From today’s San Francisco Business Times:
Everything must go? Transbay agency wonders if now’s the time to make final land sales
Blanca Torres, Reporter- San Francisco Business Times
July 31, 2014
The last two Transbay development parcels could be up for grabs sooner than expected — at a time when land prices in San Francisco are hitting record highs.
The Transbay Bay Joint Powers Authority planned to release the sites known as Parcel F and Block 4 via a request for proposals process in 2016 or later, but would entertain unsolicited bids from interested buyers or could move up the release of the RFP.
“If someone offered more than market value, we would consider it,” said Maria Ayerdi-Kaplan, executive director of the joint powers authority. “These are valuable pieces of property in any market, but especially now given their location and proximity to the transit station.”
The Transbay redevelopment area encompasses about 20 acres of land of which 12 are slated for private development and the other eight would be for a new regional Transit Center that is under construction and expected to open in 2017.
Check out our print and online package about the Transbay district tomorrow, with stories about developers, contractors and architects as well as a development pipeline and map.
Parcel F is a 32,700-square-foot site slated for up to 735,000 square feet of office and residential space in a tower up to 750 feet high. Block 4, a 43,000-square-foot site, could accommodate up to 590 units of housing.
Most of the private development sites have been picked up by developers such as the Salesforce Tower, a 1.4 million-square-foot office tower that is under construction. Boston Properties and Hines, developers of the Salesforce Tower, paid approximately $192 million or $4,000 per foot for a 50,000-square-foot parcel in a deal that closed in 2013.
Block 5, a 24,000-square-foot site, was just awarded to team led by Golub Real Estate and The John Buck Co. for $172.5 million or about $7,188 per square foot of land or $211 per buildable square foot. Block 5 is slated for a 675,000-square-foot office tower.
The competition for Block 5 was intense, drawing bids from four qualified development teams including Kilroy Realty Corp. and Boston Properties, one of the developers of the Salesforce Tower.
The winning team is based in Chicago and hasn’t built office in San Francisco before.

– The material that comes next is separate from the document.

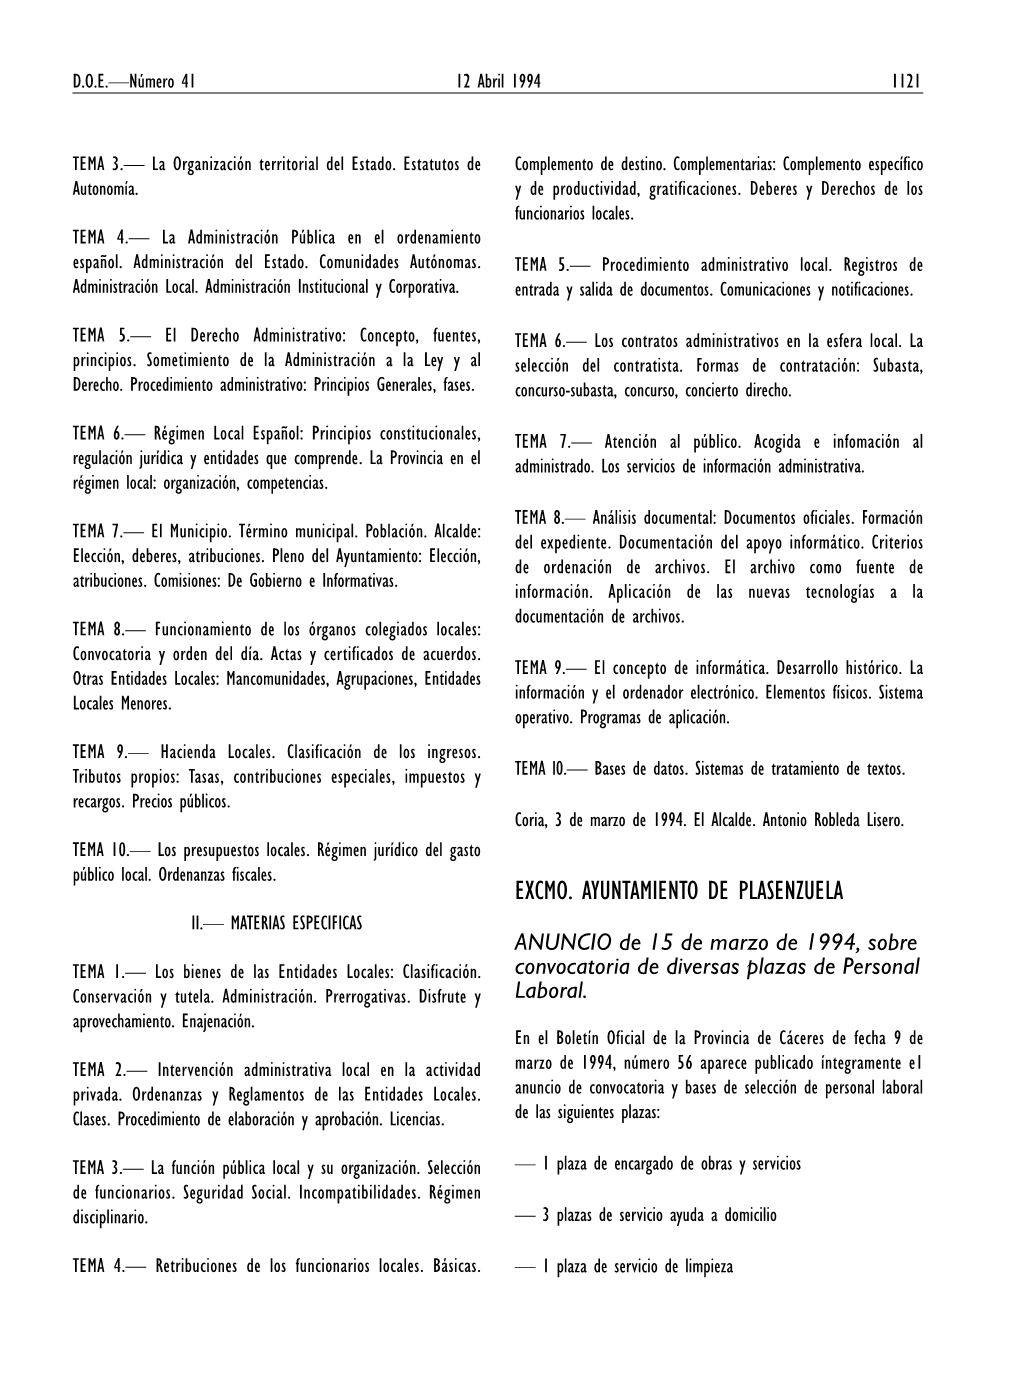 EXCMO. AYUNTAMIENTO DE PLASENZUELA II.— MATERIAS ESPECIFICAS ANUNCIO De 15 De Marzo De 1994, Sobre TEMA 1.— Los Bienes De Las Entidades Locales: Clasificación

Development sites are in high demand these days as demand and rents for both housing and office space continue climbing, which has pushed up land values.
“If I were the JPA, I would take advantage of the current cycle to sell those parcels,” said Oz Erickson, head of the development firm the Emerald Fund. Real estate is cyclical, he said, and land values are the most volatile piece of the equation in development. “I would try to pick my cycle as best I could and maximize the value.”
One caveat with the two parcels is that they are not available for development until 2018. Construction crews are using Parcel F to house equipment for work on the transit center and Block 4 is the site of the temporary terminal.
The development market is hot right now, but it’s unclear how hot it will be in a few years and whether a developer would want to wait until 2018 to start construction on a new project that likely wouldn’t hit the market until 2020.
Right now, however, some developers are eager to grab a piece of San Francisco and willing to pay a premium as some industry experts said was the case with Block 5.
Numerous developers would be interested in the last two Transbay sites, Erickson said, and making a deal now would be the “right thing to do to protect the value of the assets.”
“Time is the enemy of all real estate deals,” Erickson said. “Now is a good time. You never can tell what’s going to happen. When the market is good, sell.”